Your assignment: Nothing but the pictures may be dropped; the rest of the listing is to be written out exactly.

Information supplied:
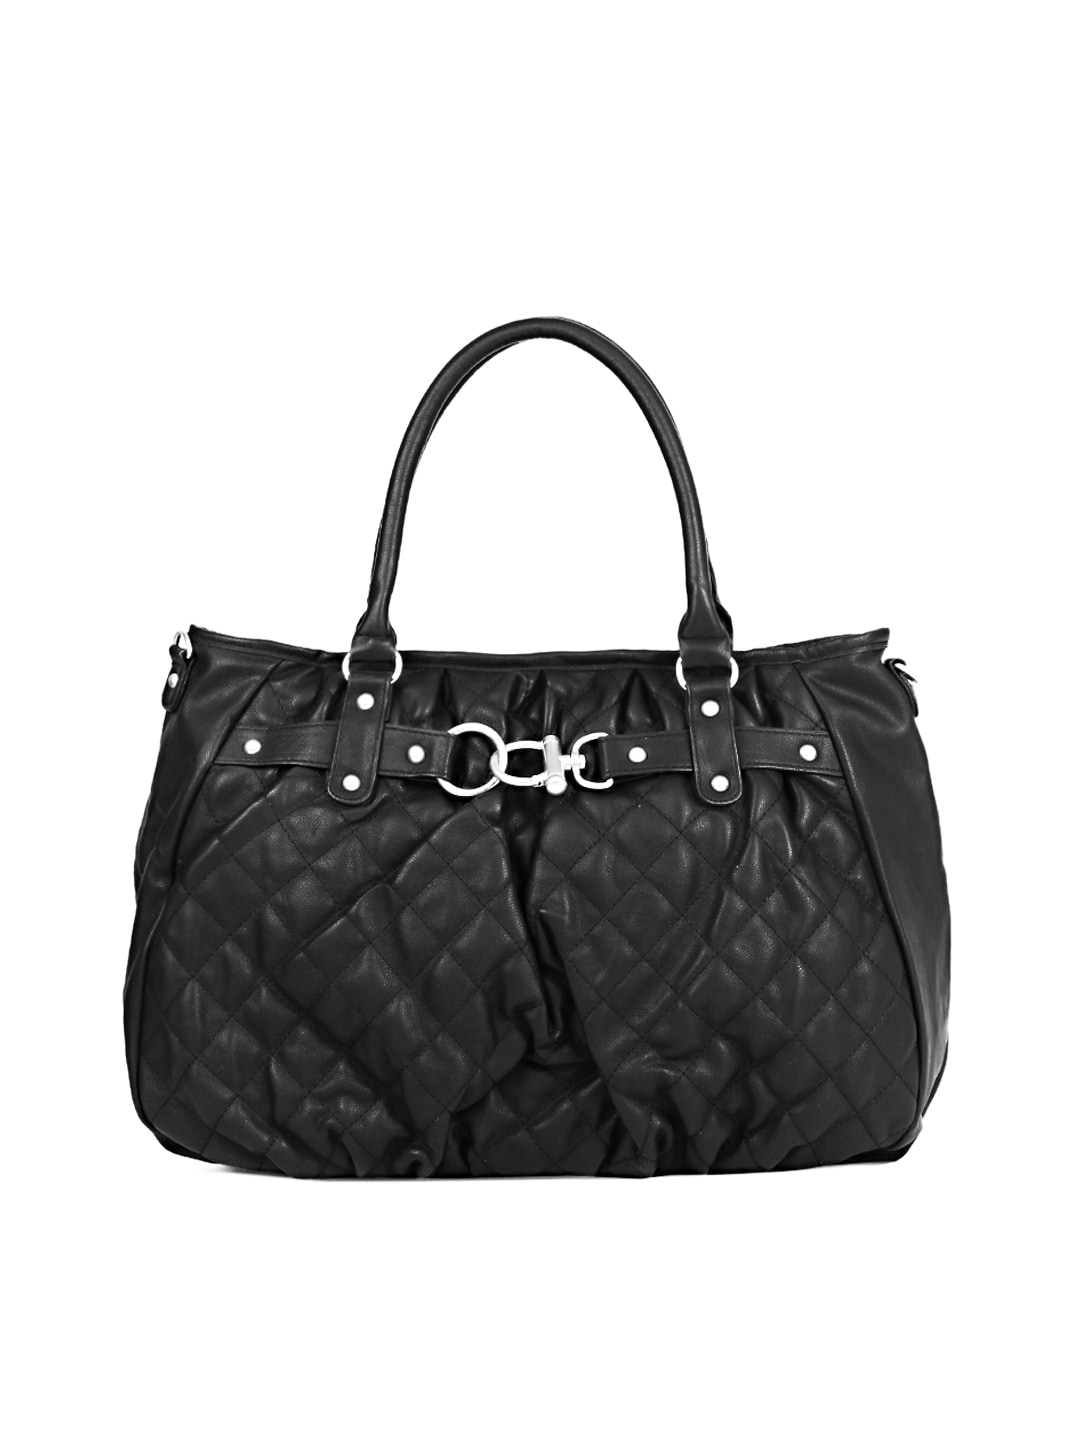 Pieces Women Black Handbag
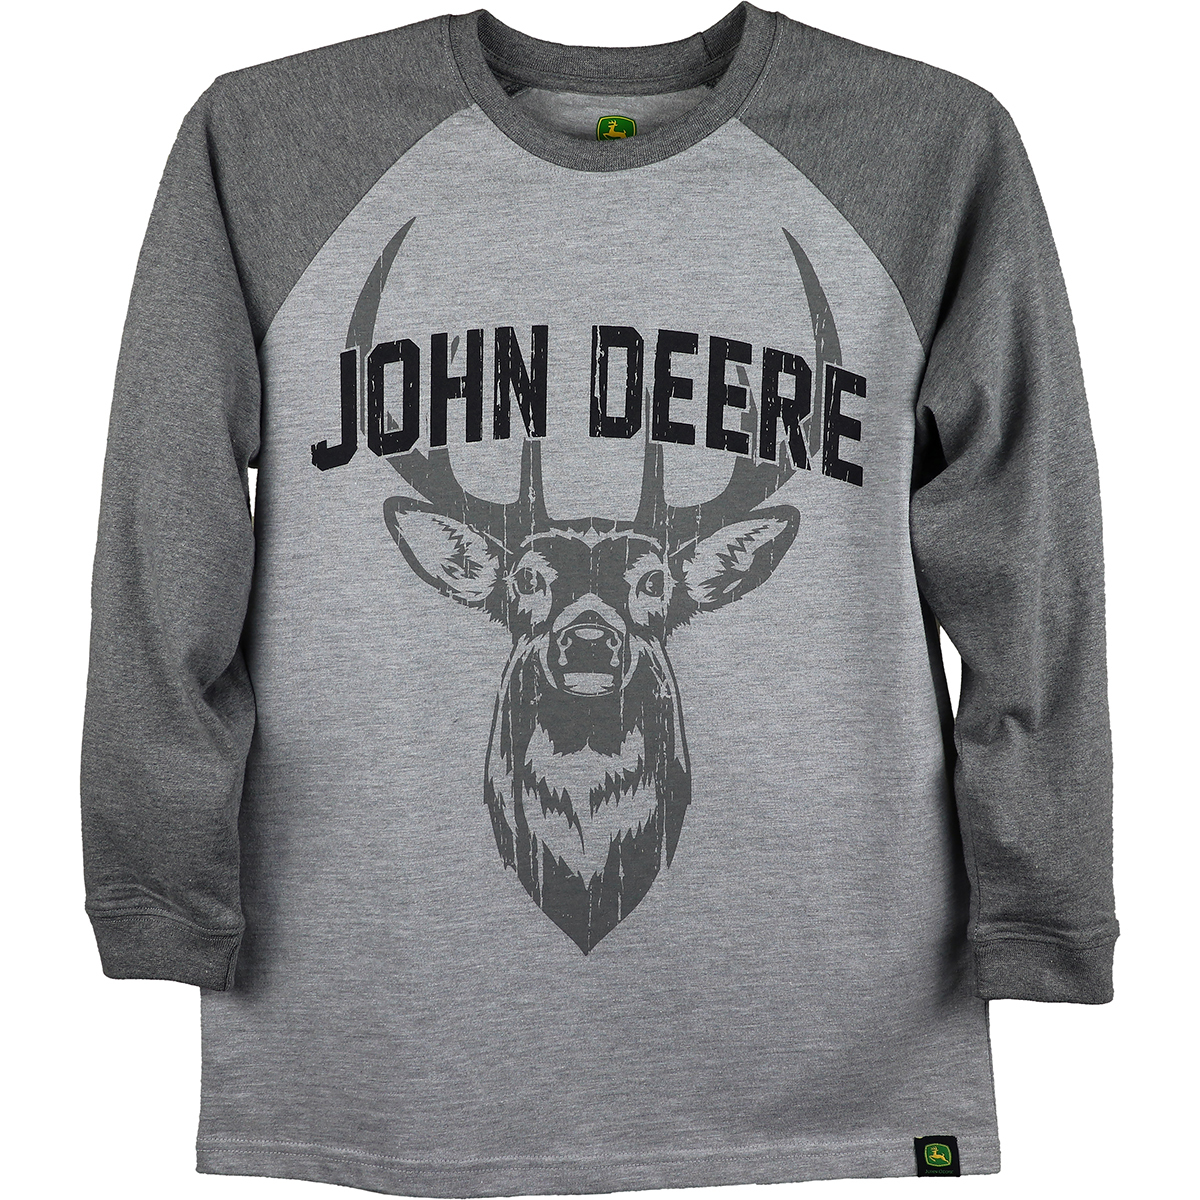 14/16 NEW Green L/S John Deere BoysT-Shirt Deer Buck Size 10/12 
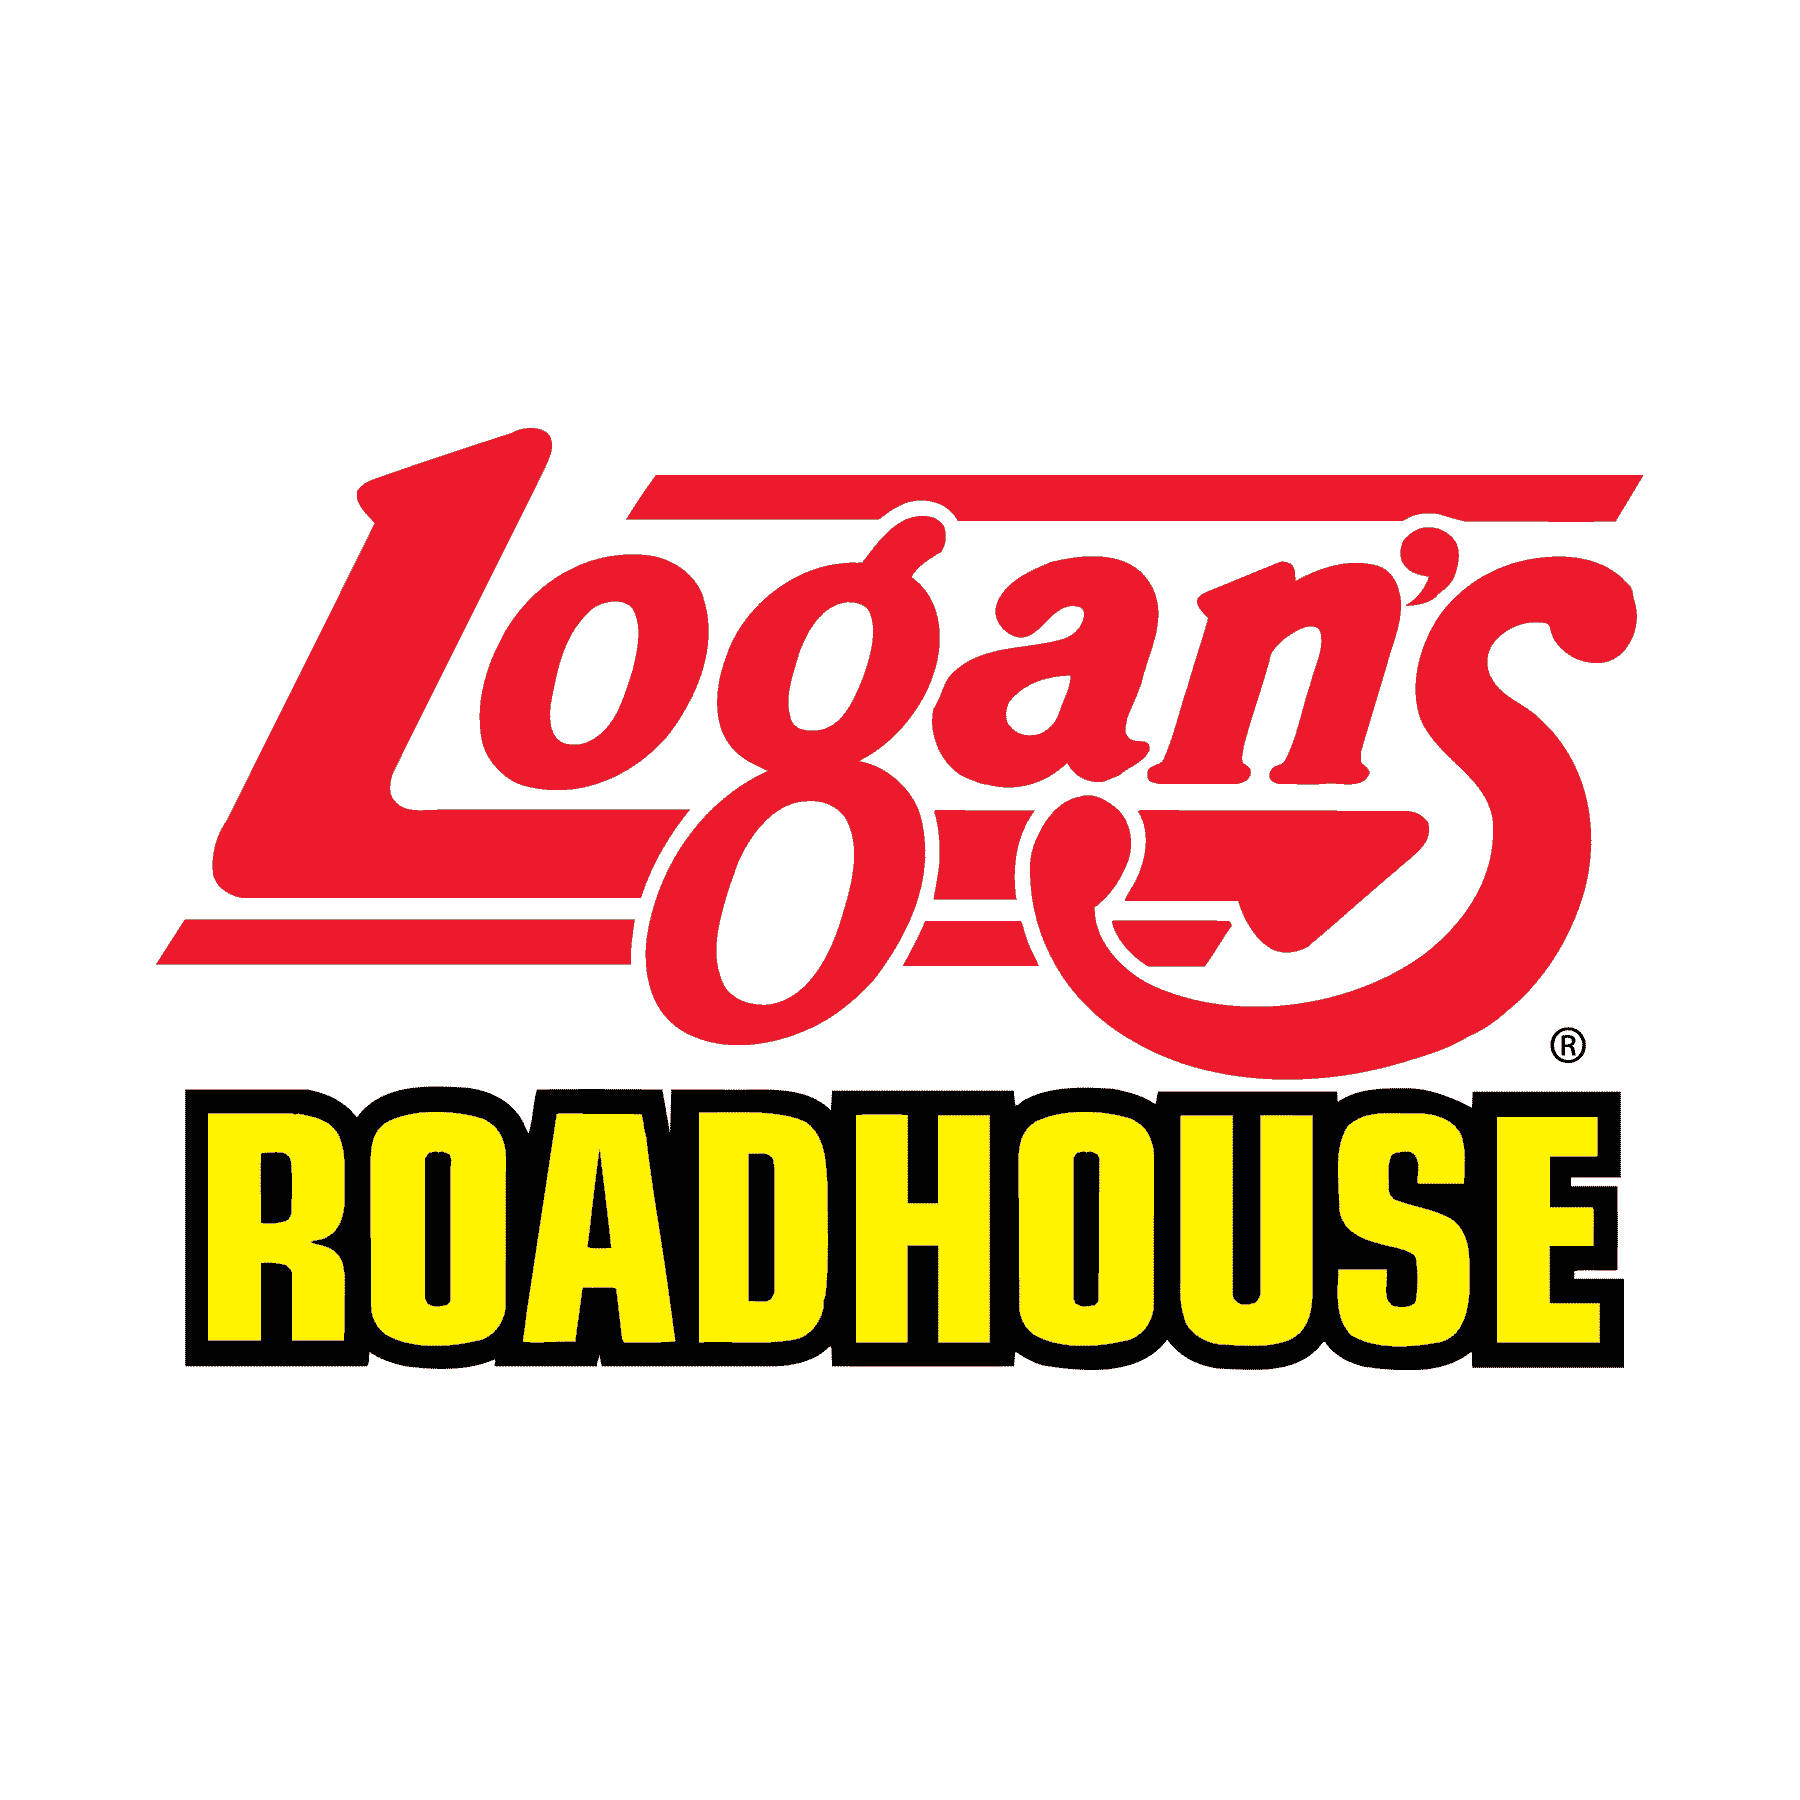 Logan's
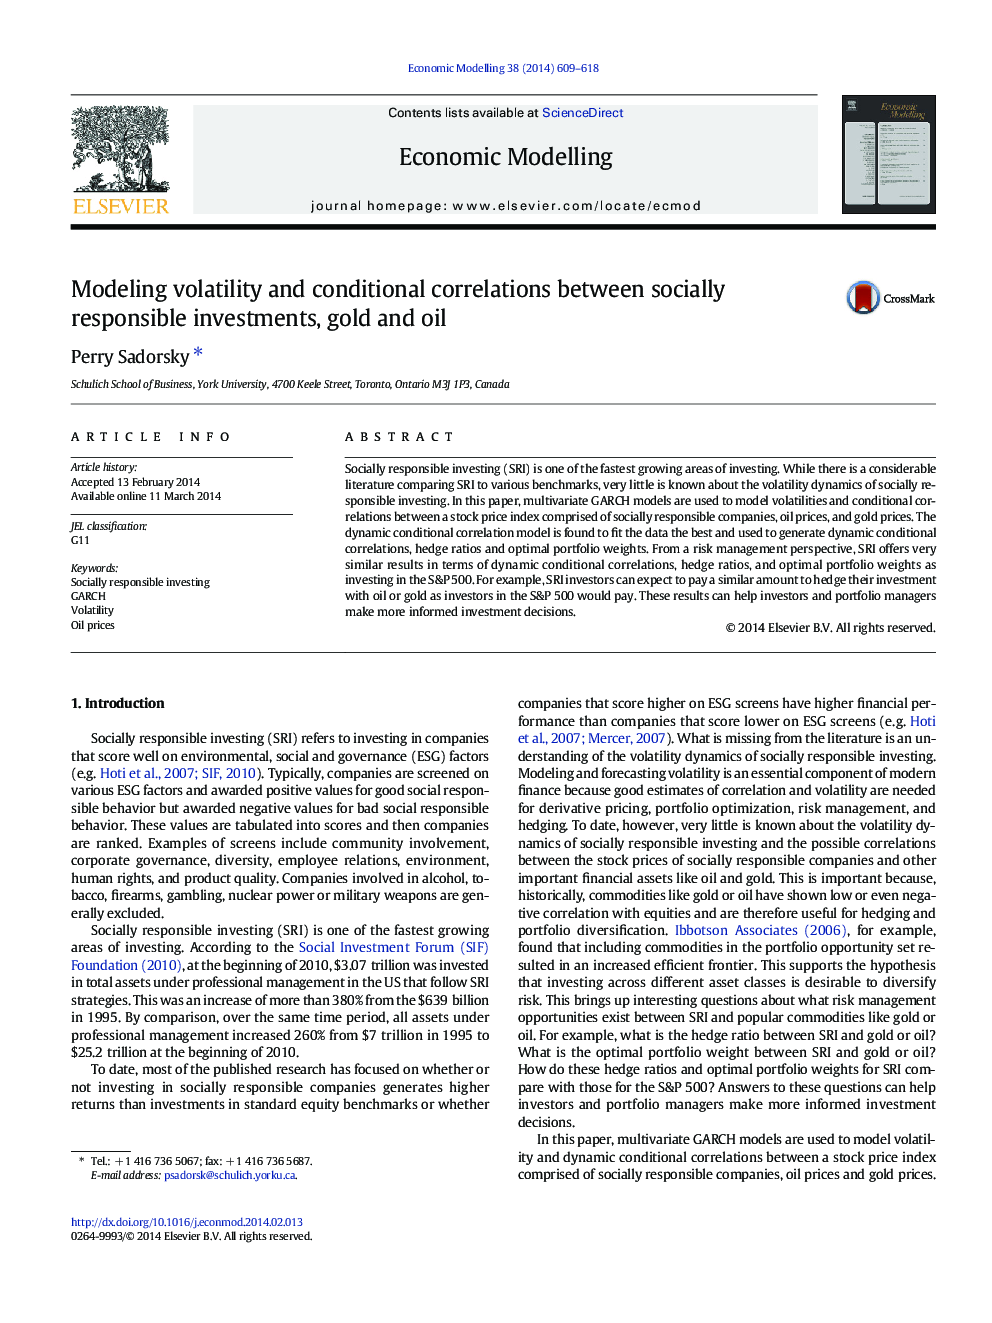 نوسانات مدل سازی و همبستگی های شرطی بین سرمایه گذاری های مسئول اجتماعی، طلا و نفت

Solution for this exercise:
 Pieces Women Black Handbag
 14/16 NEW Green L/S John Deere BoysT-Shirt Deer Buck Size 10/12 
 Logan's
 نوسانات مدل سازی و همبستگی های شرطی بین سرمایه گذاری های مسئول اجتماعی، طلا و نفت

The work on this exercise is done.